Moses Reicherson is the name of the principal. "Man of wisdom" of the purest kind, probably the finest Hebrew grammarian in New York, and one of the finest in the world, his income from his position at the head of the school is $5 a week. He is seventy-three years old, wears a thick gray beard, a little cap on his head, and a long black coat. His wife is old and bent. They are alone in their miserable little apartment on East One Hundred and Sixth Street. Their son died a year or two ago, and to cover the funeral expenses Mr. Reicherson tried in vain to sell his "Encyclopædia Britannica." But, nevertheless, the old scholar, who had been bending over his closely written manuscript, received the visitor with almost cheerful politeness, and told the story of his work and of his ambitions. Of his difficulties and privations he said little, but they shone through his words and in the character of the room in which he lived.

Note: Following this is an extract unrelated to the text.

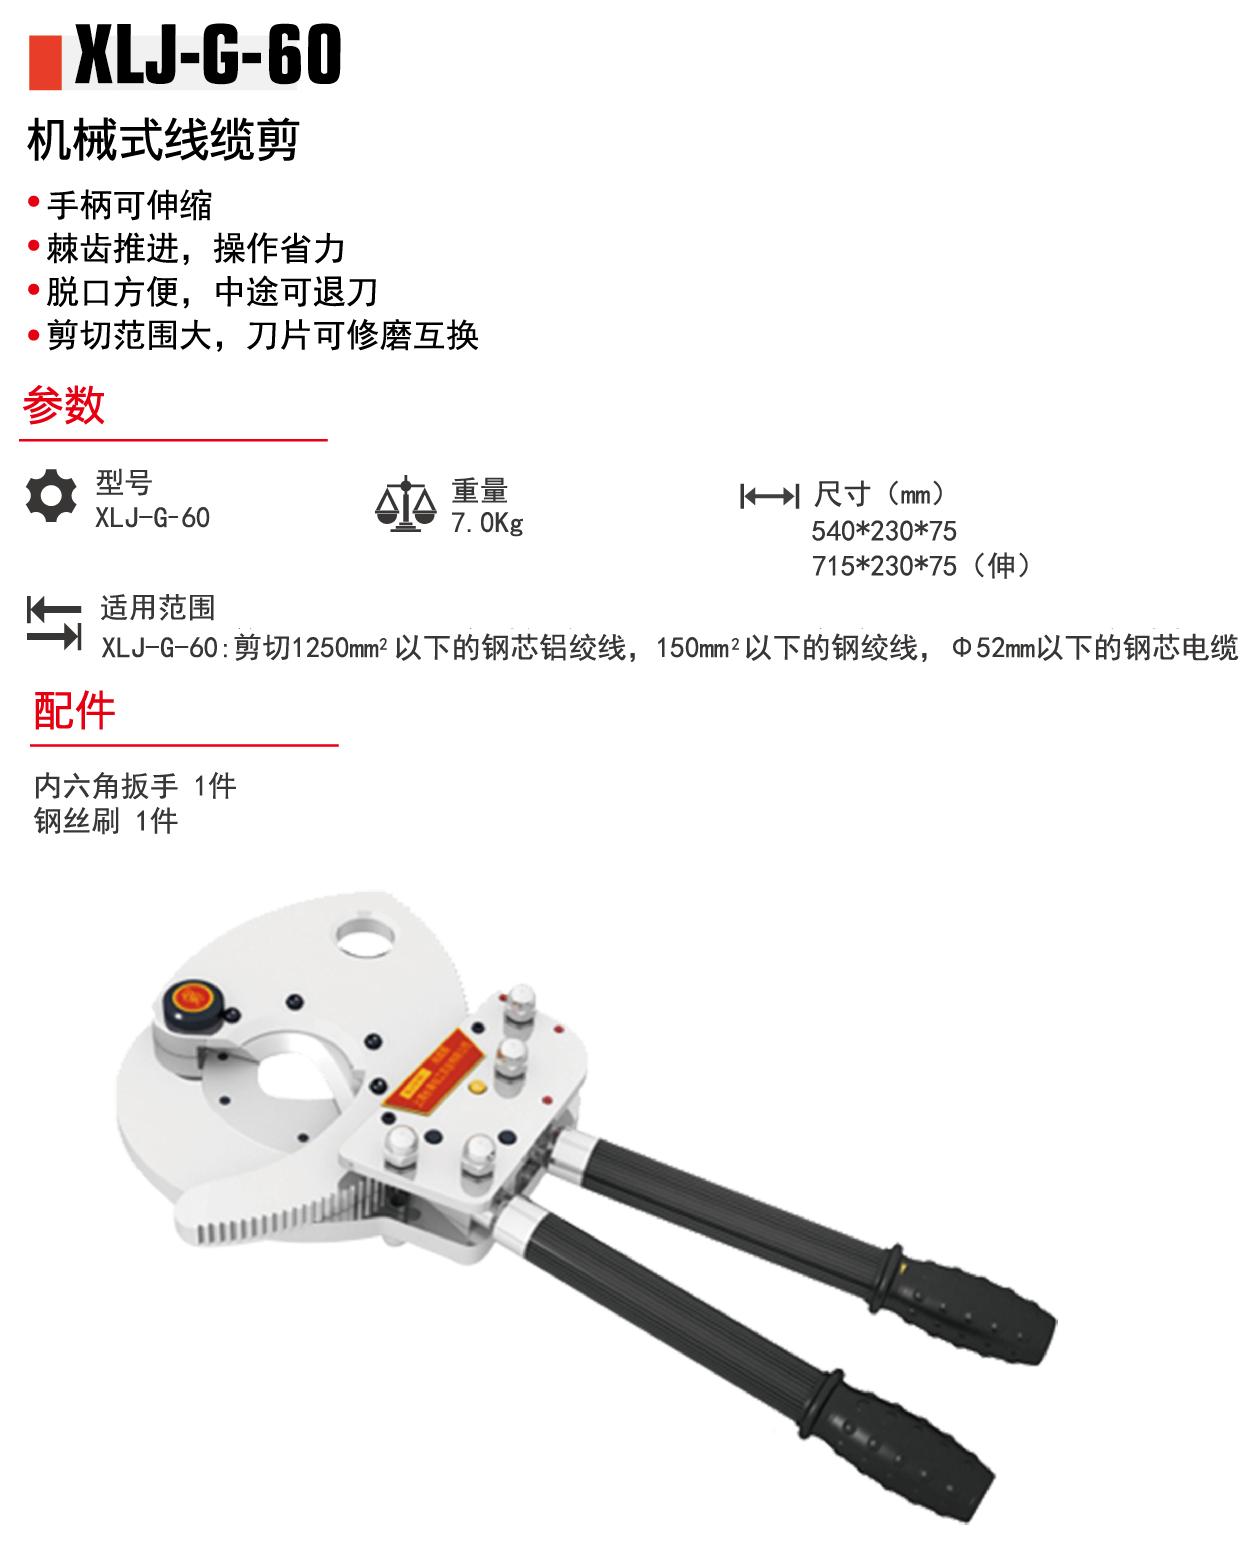 XLJ-G-60详情.png

Born in Vilna, sometimes called the Jerusalem of Lithuania or the Athens of modern Judæa because of the number of enlightened Jews who have been born there, many of whom now live in the Russian Jewish quarter of New York, he has retained the faith of his orthodox parents, a faith, however, springing from the pure origin of Judaism rather than holding to the hair-splitting distinctions later embodied in the Talmud. He was a teacher of Hebrew in his native town for many years, where he stayed until he came to New York some years ago to be near his son. His two great intellectual interests, subordinated indeed to the love of the old literature and religion, have been Hebrew grammar and the moral fables of several languages. On the former he has written an important work, and of the latter has translated much of Lessing's and Gellert's work into pure Hebrew. He has also translated into his favorite tongue the Russian fable-writer Krilow; has written fables of his own, and a Hebrew commentary on the Bible in twenty-four volumes. He loves the fables "because they teach the people and are real criticism; they are profound and combine fancy and thought." Many of these are still in manuscript, which is characteristic of much of the work of these scholars, for they have no money, and publishers do not run after Hebrew books. Also unpublished, written in lovingly minute characters, he has a Hebrew prayer-book in many volumes. He has written hundreds of articles for the Hebrew weeklies and monthlies, which are fairly numerous in this country, but which seldom can afford to pay their contributors. At present he writes exclusively for a Hebrew weekly published in Chicago, Regeneration, the object of which is to promote "the knowledge of the ancient Hebrew language and literature, and to regenerate the spirit of the nation." For this he receives no pay, the editor being almost as poor as himself. But he writes willingly for the love of the cause, "for universal good"; for Reicherson, in common with the other neglected scholars, is deeply interested in revivifying what is now among American Jews a dead language. He believes that in this way only can the Jewish people be taught the good and the true.